- - - -
Kamis, 13 Desember 2018  
Sidang Pemalsuan Dokumen Di PN Dumai
Dalil Pihak Wilmar Dumai Untuk Polisikan 5 Karyawan " Tidak Kuat "

Reportase Dumai - Mulak Sinaga - Selasa, 09/10/2018 - 17:11:48 WIB

DUMAI,Reportase Riau.Com--Dakwaan yang dibacakan Jaksa Penuntut Umum ( JPU ), pada bulan lalu yang menyebutkan 5 orang karyawan Wilmar telah terbukti melanggar tindak pidana dugaan pemalsuan surat ( dokumen ) dilingkungan perusahaan Wimar Group Pelintung tidak kuat.

Salah satu Kuasa Hukum ( Pengacara ) dari lima karyawan yakni Cassarolly Sinaga SH berkeyakinan bahwa ke lima kliennya yaitu Agustinus Hutagaol Natal Bahari, Andre Daniel Simorangkir, Agus Malianto dan Edi Surwanto yang didakwa melanggar Pasal 263 KUHAP,akan bisa membebaskan mereka dari tuduhan, sangkaan dan dakwaan pelanggaran tindak pidana dugaan pemalsuan dokumen ( surat ) sebagaimana di dakwakan Jaksa Penuntut Umum dari Kejaksaan Negeri Dumai bernama Agung Nugroho.

Hal tersebut disampaikan Kuasa Hukum / Pengacara bernama Cassarolly Sinaga SH kepada reportaseriau.com Selasa ( 09/10/18 ) pagi tadi di ruang kantornya Jalan Jenderal Sudirman Dumai.

Dalam perbincangannya dengan reportaseriau.com, Cassarolly mengaku akan berupaya keras untuk membebaskan klien mereka dari tuduhan,sangkaan dan dakwaan melanggar Pasal 263 KUHAP

Keyakinan penasihat hukum ke lima terdakwa bakal bisa membebaskan terdakwa dari dakwaan JPU dari tindak pidana dugaan pemalsuan dokumen itu berkat adanya keterangan dan kesaksian dua orang saksi dari pelapor/ korban ( Wilmar Group Dumai ) yang menyebutkan tidak ada melihat dan mendengar kelima terdakwa, termasuk Andre Daniel Simorangkir melakukan perbuatan pemalsuan surat ( dokumen ) di lingkungan Wilmar Group Pelintung.

"Ya saksi mereka ( pelapor ) sendiri yang mengatakan tidak mengetahui dan melihat terjadinya tindak pidana pemalsuan surat ( dokumen ) yang dilakukan oleh Agustinus Hutagaol, Natal Bahari, Andre Daniel Simorangkir,Agus Malianto dan Edi Surwanto." Ujar Cassarolly Sinaga SH.
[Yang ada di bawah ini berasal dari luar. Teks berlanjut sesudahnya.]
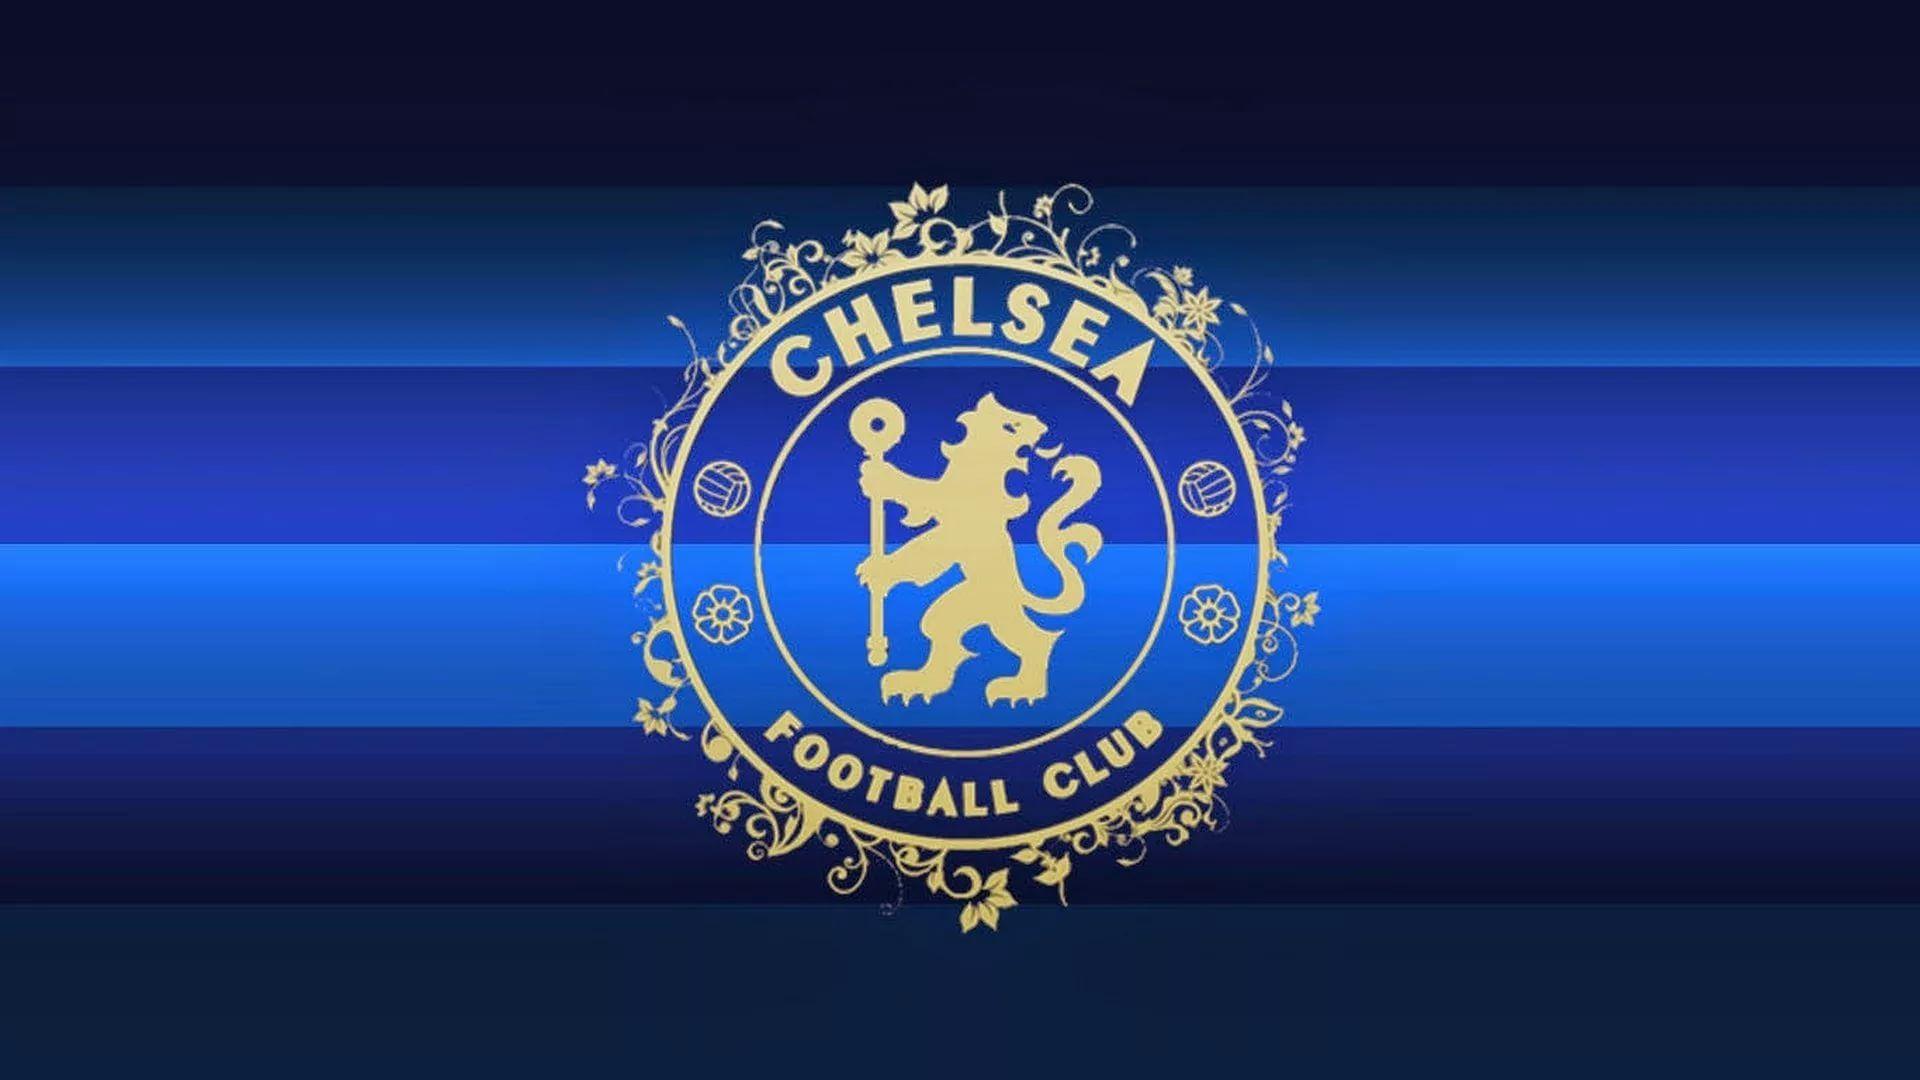 Chelsea background wallpaper
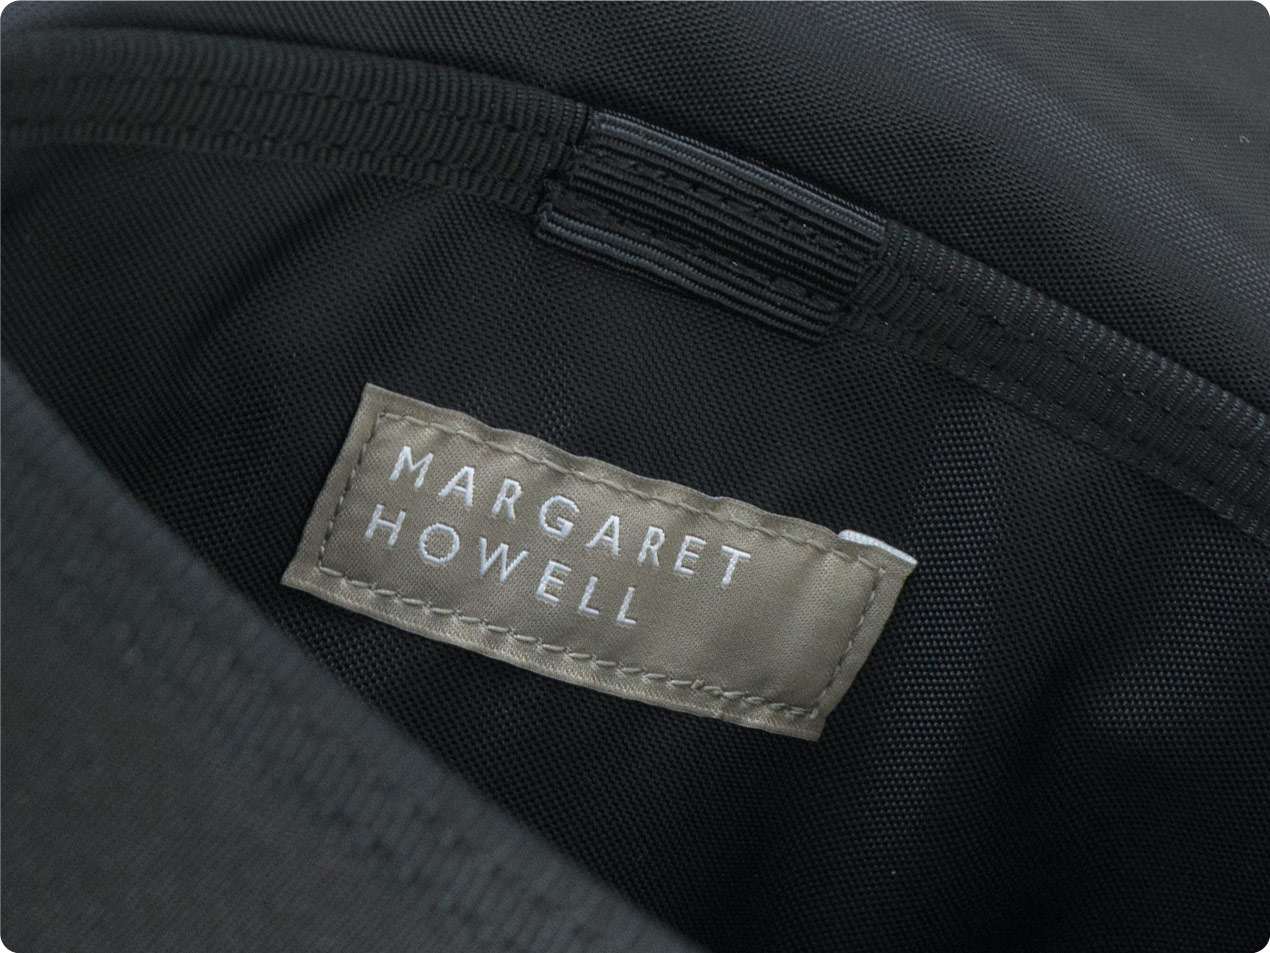 MARGARET HOWELL x PORTER CORDURA CANVAS POUCH

Karena keterangan kedua saksi korban / pelapor ( Jhony Damanik dan Pinta ) menurut Cassarolly disampaikan di depan persidangan dan telah terlebih dahulu mendapat sumpah untuk mengatakan / menerangkan yang sebenar benarnya.

Maka keterangan kedua saksi dari Wilmar itu menurut Cassarolly Sinaga SH sudah sepantas/ seharusnya dijadikan sebagai dalil atau alasan untuk membebaskan klien mereka bernama Andre Daniel Simorangkir Dkk dari tuduhan , sangkaan dan dakwaan Jaksa Penuntut Umum bernama Agung Nugroho SH.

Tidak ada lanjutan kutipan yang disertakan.